Android does not use /etc/passwd, tpws --user won't work. There's replacement. Use numeric uids in --uid option. Its recommended to use gid 3003 (AID_INET), otherwise tpws will not have inet access.

Example : --uid 1:3003

In iptables use : ! --uid-owner 1 instead of ! --uid-owner tpws.

Nfqws should be executed with --uid 1. Otherwise on some devices or firmwares kernel may partially hang. Looks like processes with certain uids can be suspended. With buggy chineese cellular interface driver this can lead to device hang.

Write your own shell script with iptables and tpws, run it using your root manager. Autorun scripts are here :

magisk : /data/adb/service.d

supersu : /system/su.d

How to run tpws on root-less android. You can't write to /system, /data, can't run from sd card. Selinux prevents running executables in /data/local/tmp from apps. Use adb and adb shell.

mkdir /data/local/tmp/zapret
adb push tpws /data/local/tmp/zapret
chmod 755 /data/local/tmp/zapret /data/local/tmp/zapret/tpws
chcon u:object_r:system_file:s0 /data/local/tmp/zapret/tpws

Now its possible to run /data/local/tmp/zapret/tpws from any app such as tasker.

FreeBSD, OpenBSD, MacOS

see docs/bsd.en.md

Windows (WSL)

see docs/windows.en.md

Other devices

Author's goal does not include easy supporting as much devices as possibles. Please do not ask for easy supporting firmwares. It requires a lot of work and owning lots of devices. Its counterproductive. As a devices owner its easier for you and should not be too hard if firmware is open. Most closed stock firmwares are not designed for custom usage and sometimes actively prevent it. In the latter case you have to hack into it and reverse engineer. Its not easy. Binaries are universal. They can run on almost all firmwares. You will need :

  • root shell access. true sh shell, not microtik-like console
  • startup hook
  • r/w partition to store binaries and startup script with executable permission (+x)
  • tpws can be run almost anywhere but nfqws require kernel support for NFQUEUE. Its missing in most firmwares.
  • too old 2.6 kernels are unsupported and can cause errors. newer 2.6 kernels are OK. If binaries crash with segfault (rare but happens on some kernels) try to unpack upx like this : upx -d tpws.

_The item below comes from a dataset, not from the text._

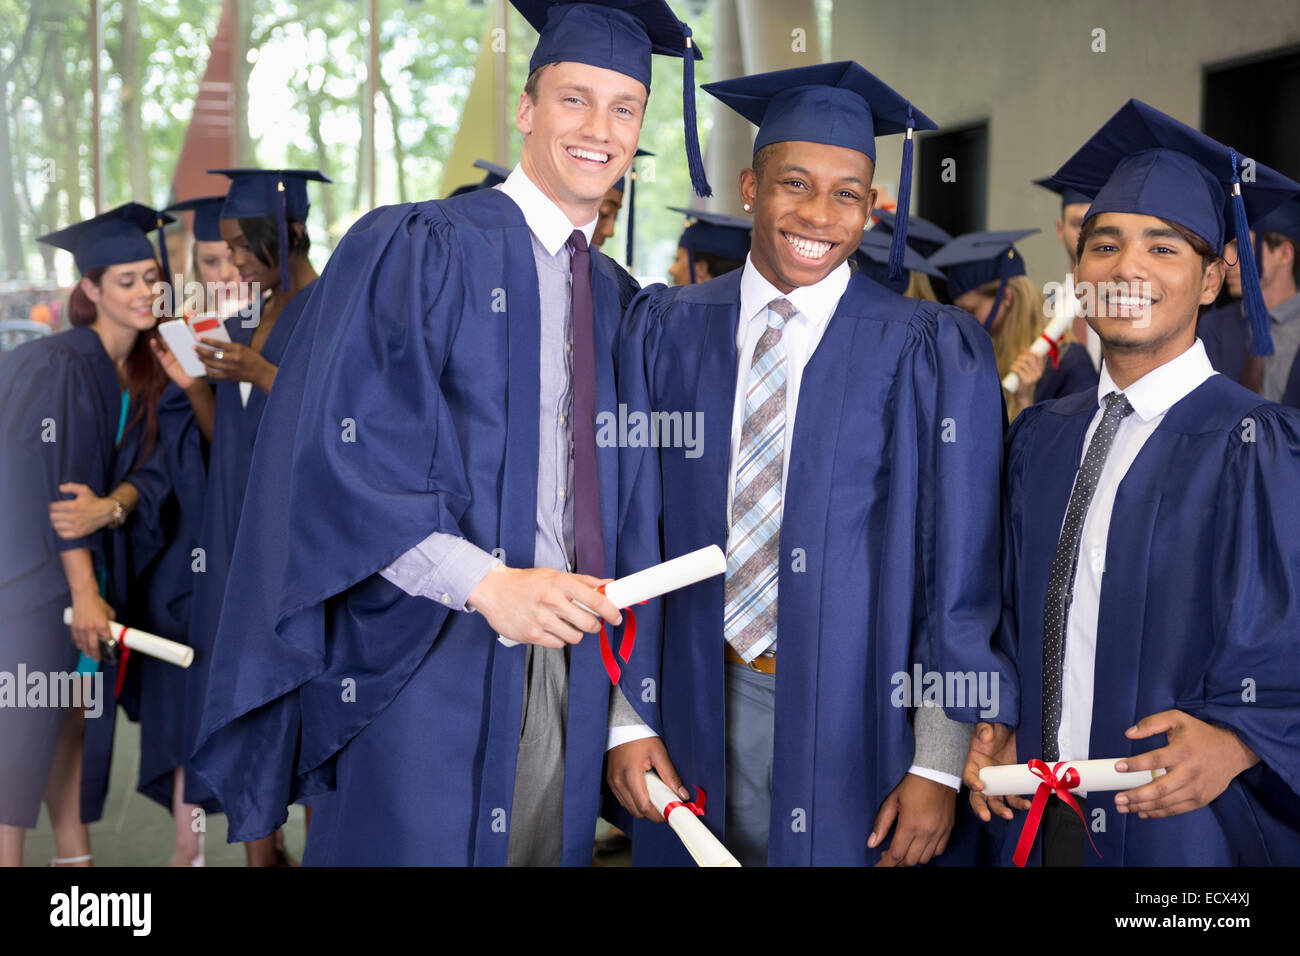 Portrait of three smiling male students in graduation gowns holding diplomas Stock Photo

First manually debug your scenario. Run iptables + daemon and check if its what you want. Write your own script with iptables magic and run required daemon from there. Put it to startup. Dont ask me how to do it. Its different for all firmwares and requires studying. Find manual or reverse engineer yourself. Check for race conditions. Firmware can clear or modify iptables after your startup script. If this is the case then run another script in background and add some delay there.